Writing a Guide to SDF Fonts

47 points by chunkles 3 hours ago on hackernews | 4 comments

Back in 2024 I learned about SDF (signed distance field) rendering of fonts. I was trying to implement outlines and shadows in a single pass instead of drawing over the text multiple times in different styles. I intended to use these fonts for two different projects, a game and a map generator. I got things working but didn’t fully understand why certain things worked or didn’t work. I wrote some notes on my site about what I tried. In the end, I stopped working on both the game’s fonts and the map generator, so I put all of this on hold.

Contour line visualization of distance fields

Fast forward to late 2025, and my incomplete notes sometimes show up on the first page of search results for “sdf fonts”[1]! Surely that isn’t the best page on the topic. It would be better to point to library documentation or maybe one of the research papers about the topic. My page isn’t that good.

Initially my thought was “search engines are in their decline” but then I decided “this is an opportunity”. I decided to make a page worthy of being the top search result.

I first looked through everything I had written. I already had started an “overview” page but hadn’t gotten very far on it. I also have 22 separate pages that were “diary style”, about what I did rather than what you should know.

The overview page covered how to use various SDF font libraries (msdfgen, stb_truetype, tiny-sdf, etc.). I wrote code for multiple libraries, had sketched out diagrams for various concepts, and had screenshots of outputs from each of those libraries.

Sketch of distance fields
Sketched out concepts, using Excalidraw[2]

At some point I realized the scope was too large. I had spent the most time with msdfgen and hadn’t yet learned enough about the other libraries to write a proper guide. They all worked differently. I kept getting stuck. So I reduced the scope. In redesign 2 I decided to only use msdfgen, but show the various tradeoffs involved (atlas size, antialias width, shader derivatives, smoothing function).

I made several diagrams for concepts, such as:

Diagram of glyph bounds Diagram of layout algorithm Diagram of reading from font atlas
Diagrams from redesign 2, using Excalidraw[3]

And I started running tests. I wanted to compare the effect of atlas size, so I made lots of screenshots and started looking closely. I wanted to come up with a way to recommend a specific size. I wanted to make recommendations for all the other parameters. I showed all the commands I ran.

At some point I realized I could run tests forever. And I had already done that last year, and wrote it up in blog posts (one and two).
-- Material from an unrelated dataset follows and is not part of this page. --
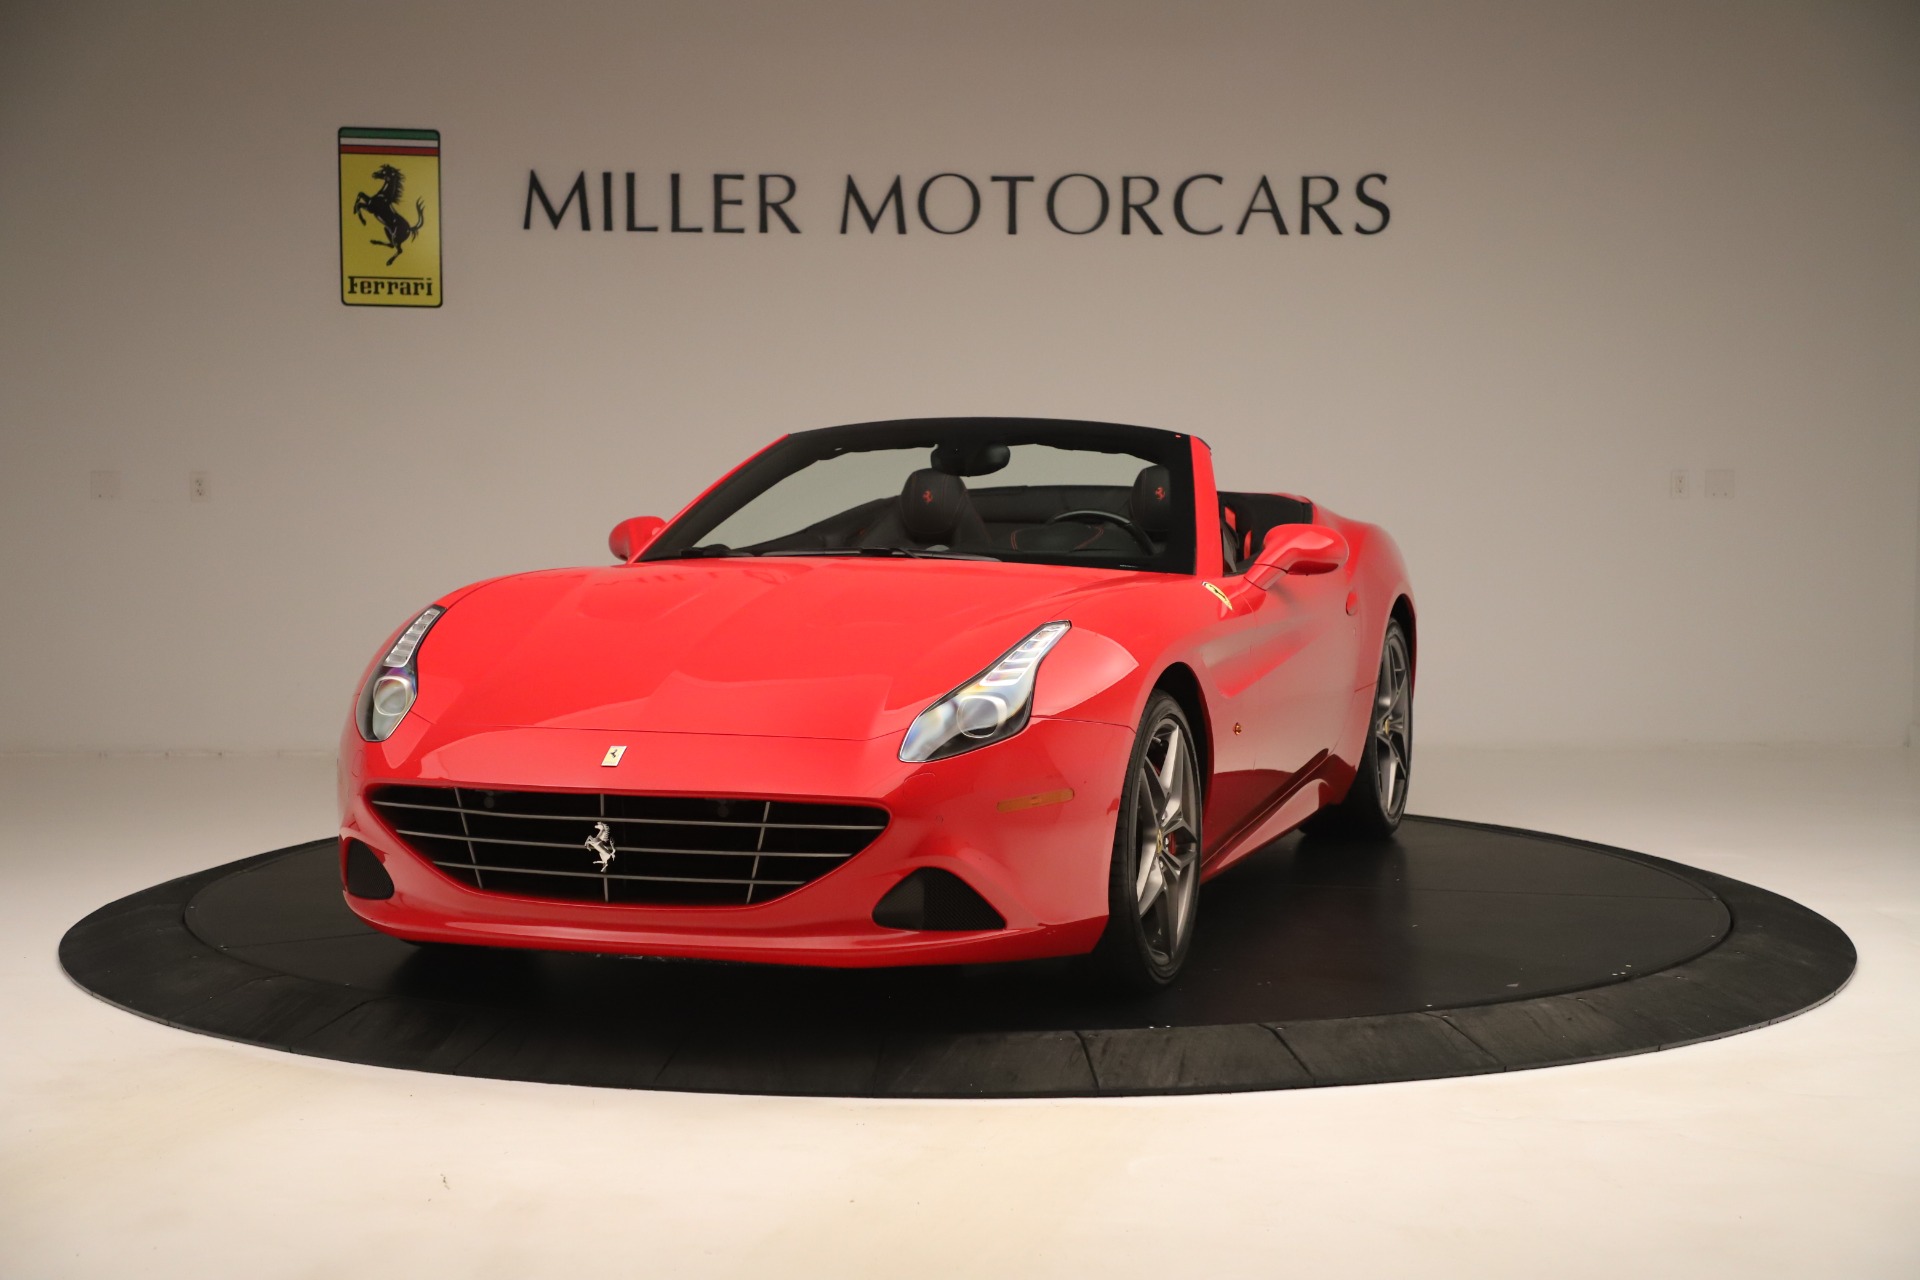 Used 2016 Ferrari California T for sale Sold at Rolls-Royce Motor Cars Greenwich in Greenwich CT 06830 1

Doing it again here didn’t seem especially valuable. So I pivoted to a “how to” page. In redesign 3 I decided to show the concepts, then a JavaScript implementation using CPU rendering, and then another implementation using GPU rendering. I made new versions of the diagrams:

Cleaned up diagram of glyph bounds Cleaned up diagram of layout algorithm Cleaned up diagram of reading from font atlas
Diagrams from redesign 3, hand-written SVG

I was making progress on that page but it didn’t feel like a Red Blob Games page. The page started out with tons of shell commands, and then showed lots of code. It felt like a page that only I would find useful. So I started over and designed a “concepts” page. In redesign 4 I focused on what effects I wanted, how SDF works, and how to use it to create those effects. I again reduced the scope by removing the implementation details. What I had already written, I moved to a separate (unpolished) page. And I never wrote a standalone downloadable project like I originally wanted.

I had tried several ideas over the past year but didn’t make a lot of progress until I figured out what I actually wanted to put on the page:

Chart of how active I was each day
Work over the past year, using Cal-heatmap[4]

I’m finally happy with the page.  Take a look! I hope search engines point to it eventually.